Task to complete:
Each line of the data below from the one holding "Ортогонализация грама-Шмидта. Пример" to the one holding "The logo of Baker Hughes", inclusive, is to be reproduced exactly; no other line belongs in the answer.

[Records from a collection]
►

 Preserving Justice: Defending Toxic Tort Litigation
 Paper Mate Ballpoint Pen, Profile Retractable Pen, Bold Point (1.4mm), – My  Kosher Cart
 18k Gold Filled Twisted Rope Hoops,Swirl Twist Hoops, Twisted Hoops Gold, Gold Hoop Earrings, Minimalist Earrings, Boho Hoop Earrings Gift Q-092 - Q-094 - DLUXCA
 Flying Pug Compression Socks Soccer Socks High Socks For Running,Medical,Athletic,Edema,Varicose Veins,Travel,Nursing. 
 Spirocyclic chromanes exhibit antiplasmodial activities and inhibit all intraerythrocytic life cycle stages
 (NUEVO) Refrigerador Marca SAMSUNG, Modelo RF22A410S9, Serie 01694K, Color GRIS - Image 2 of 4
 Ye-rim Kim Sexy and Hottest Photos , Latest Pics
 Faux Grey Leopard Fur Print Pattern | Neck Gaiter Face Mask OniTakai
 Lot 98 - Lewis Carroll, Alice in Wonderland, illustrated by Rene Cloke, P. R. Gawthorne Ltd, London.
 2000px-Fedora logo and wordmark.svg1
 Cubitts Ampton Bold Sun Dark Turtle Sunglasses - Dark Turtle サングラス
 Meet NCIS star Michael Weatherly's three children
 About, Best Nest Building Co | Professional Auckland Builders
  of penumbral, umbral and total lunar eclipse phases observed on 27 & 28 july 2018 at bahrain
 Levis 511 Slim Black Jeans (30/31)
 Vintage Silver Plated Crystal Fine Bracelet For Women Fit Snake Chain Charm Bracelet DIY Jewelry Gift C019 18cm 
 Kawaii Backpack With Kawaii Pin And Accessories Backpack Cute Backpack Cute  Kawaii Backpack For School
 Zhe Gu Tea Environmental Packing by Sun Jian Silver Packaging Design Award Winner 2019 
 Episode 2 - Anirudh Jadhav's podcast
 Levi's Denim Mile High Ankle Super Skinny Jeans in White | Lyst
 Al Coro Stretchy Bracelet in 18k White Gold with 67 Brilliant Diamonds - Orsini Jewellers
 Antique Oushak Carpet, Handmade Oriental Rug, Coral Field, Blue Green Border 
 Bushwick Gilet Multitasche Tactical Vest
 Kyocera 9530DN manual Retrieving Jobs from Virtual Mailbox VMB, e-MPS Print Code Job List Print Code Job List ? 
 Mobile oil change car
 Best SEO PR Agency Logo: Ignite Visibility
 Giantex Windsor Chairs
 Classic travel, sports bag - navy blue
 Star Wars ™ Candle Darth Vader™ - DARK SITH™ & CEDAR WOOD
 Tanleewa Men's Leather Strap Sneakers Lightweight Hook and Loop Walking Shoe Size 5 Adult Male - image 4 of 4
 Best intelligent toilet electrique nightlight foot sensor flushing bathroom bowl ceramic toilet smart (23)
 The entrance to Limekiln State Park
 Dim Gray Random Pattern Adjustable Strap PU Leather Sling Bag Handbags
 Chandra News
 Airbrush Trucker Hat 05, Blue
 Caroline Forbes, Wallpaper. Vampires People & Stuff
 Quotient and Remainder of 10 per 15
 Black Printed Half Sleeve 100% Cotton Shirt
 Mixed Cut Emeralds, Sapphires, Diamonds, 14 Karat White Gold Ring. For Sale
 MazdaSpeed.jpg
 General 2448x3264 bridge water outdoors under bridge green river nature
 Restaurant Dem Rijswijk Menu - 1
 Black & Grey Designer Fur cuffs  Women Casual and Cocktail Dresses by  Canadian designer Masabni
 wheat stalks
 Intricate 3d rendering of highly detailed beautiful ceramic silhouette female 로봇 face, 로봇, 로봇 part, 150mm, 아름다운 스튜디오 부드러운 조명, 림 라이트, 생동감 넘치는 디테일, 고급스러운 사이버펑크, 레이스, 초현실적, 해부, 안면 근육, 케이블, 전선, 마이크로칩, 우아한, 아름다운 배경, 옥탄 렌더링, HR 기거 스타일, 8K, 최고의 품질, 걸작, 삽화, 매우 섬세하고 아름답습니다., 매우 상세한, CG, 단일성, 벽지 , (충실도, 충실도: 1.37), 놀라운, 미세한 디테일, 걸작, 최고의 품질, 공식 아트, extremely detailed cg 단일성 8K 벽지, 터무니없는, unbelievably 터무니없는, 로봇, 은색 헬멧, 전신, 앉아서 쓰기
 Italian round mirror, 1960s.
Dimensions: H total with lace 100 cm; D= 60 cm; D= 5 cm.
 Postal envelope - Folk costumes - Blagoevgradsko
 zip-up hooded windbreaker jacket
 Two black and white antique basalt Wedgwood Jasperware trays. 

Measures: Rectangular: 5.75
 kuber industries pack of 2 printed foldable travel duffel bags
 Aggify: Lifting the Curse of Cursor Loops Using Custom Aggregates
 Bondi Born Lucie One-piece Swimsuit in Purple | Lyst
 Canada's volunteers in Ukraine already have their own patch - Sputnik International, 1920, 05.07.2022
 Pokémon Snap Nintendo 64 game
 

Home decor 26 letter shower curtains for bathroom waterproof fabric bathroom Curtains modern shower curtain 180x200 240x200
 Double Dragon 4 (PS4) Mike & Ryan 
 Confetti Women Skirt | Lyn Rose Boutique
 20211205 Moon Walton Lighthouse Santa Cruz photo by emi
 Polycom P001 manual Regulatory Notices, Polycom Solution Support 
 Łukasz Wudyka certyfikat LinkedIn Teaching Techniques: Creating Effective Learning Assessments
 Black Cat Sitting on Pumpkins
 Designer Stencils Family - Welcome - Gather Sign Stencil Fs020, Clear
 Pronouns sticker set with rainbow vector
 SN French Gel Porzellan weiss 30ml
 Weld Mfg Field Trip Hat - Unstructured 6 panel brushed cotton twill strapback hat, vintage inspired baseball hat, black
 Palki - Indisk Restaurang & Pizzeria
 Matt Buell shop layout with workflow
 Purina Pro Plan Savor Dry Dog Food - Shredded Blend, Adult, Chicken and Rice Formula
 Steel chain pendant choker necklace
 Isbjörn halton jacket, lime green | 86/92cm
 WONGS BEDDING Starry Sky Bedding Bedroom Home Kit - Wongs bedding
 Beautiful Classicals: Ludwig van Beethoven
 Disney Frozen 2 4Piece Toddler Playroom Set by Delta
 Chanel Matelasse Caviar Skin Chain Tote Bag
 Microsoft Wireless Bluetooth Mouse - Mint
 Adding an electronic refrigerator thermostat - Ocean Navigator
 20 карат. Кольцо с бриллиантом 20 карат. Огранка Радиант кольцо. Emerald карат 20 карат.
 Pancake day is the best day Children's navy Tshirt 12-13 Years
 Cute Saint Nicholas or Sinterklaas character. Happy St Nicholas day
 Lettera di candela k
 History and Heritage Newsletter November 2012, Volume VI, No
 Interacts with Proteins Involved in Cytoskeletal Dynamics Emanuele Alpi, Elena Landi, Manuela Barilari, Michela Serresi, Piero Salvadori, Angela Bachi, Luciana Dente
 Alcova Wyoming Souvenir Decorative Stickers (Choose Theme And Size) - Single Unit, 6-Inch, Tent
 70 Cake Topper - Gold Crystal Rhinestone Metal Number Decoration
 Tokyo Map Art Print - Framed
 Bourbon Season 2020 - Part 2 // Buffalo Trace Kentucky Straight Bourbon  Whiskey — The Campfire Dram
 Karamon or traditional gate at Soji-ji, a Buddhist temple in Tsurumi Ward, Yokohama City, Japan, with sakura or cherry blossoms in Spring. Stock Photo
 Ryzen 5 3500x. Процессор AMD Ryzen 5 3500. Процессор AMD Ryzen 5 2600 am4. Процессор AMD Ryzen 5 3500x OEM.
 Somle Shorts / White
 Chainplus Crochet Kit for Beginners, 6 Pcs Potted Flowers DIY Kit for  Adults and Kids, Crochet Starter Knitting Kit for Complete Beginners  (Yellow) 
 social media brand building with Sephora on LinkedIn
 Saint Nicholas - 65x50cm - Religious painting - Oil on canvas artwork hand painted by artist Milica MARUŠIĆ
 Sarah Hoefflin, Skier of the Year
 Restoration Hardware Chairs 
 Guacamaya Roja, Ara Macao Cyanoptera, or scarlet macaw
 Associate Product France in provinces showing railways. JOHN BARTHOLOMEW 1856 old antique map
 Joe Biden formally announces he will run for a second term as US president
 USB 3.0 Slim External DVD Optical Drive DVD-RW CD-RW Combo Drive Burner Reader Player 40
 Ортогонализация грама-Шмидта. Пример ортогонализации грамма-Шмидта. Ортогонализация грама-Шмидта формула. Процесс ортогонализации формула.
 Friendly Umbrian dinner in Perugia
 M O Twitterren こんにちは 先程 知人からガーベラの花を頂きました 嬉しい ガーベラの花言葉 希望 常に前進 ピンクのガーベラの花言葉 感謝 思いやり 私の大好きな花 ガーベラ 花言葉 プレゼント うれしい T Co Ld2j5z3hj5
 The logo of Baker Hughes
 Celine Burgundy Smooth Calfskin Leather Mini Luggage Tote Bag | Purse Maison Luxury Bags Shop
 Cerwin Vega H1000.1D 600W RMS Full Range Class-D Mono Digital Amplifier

◄

Written solution:
 Ортогонализация грама-Шмидта. Пример ортогонализации грамма-Шмидта. Ортогонализация грама-Шмидта формула. Процесс ортогонализации формула.
 Friendly Umbrian dinner in Perugia
 M O Twitterren こんにちは 先程 知人からガーベラの花を頂きました 嬉しい ガーベラの花言葉 希望 常に前進 ピンクのガーベラの花言葉 感謝 思いやり 私の大好きな花 ガーベラ 花言葉 プレゼント うれしい T Co Ld2j5z3hj5
 The logo of Baker Hughes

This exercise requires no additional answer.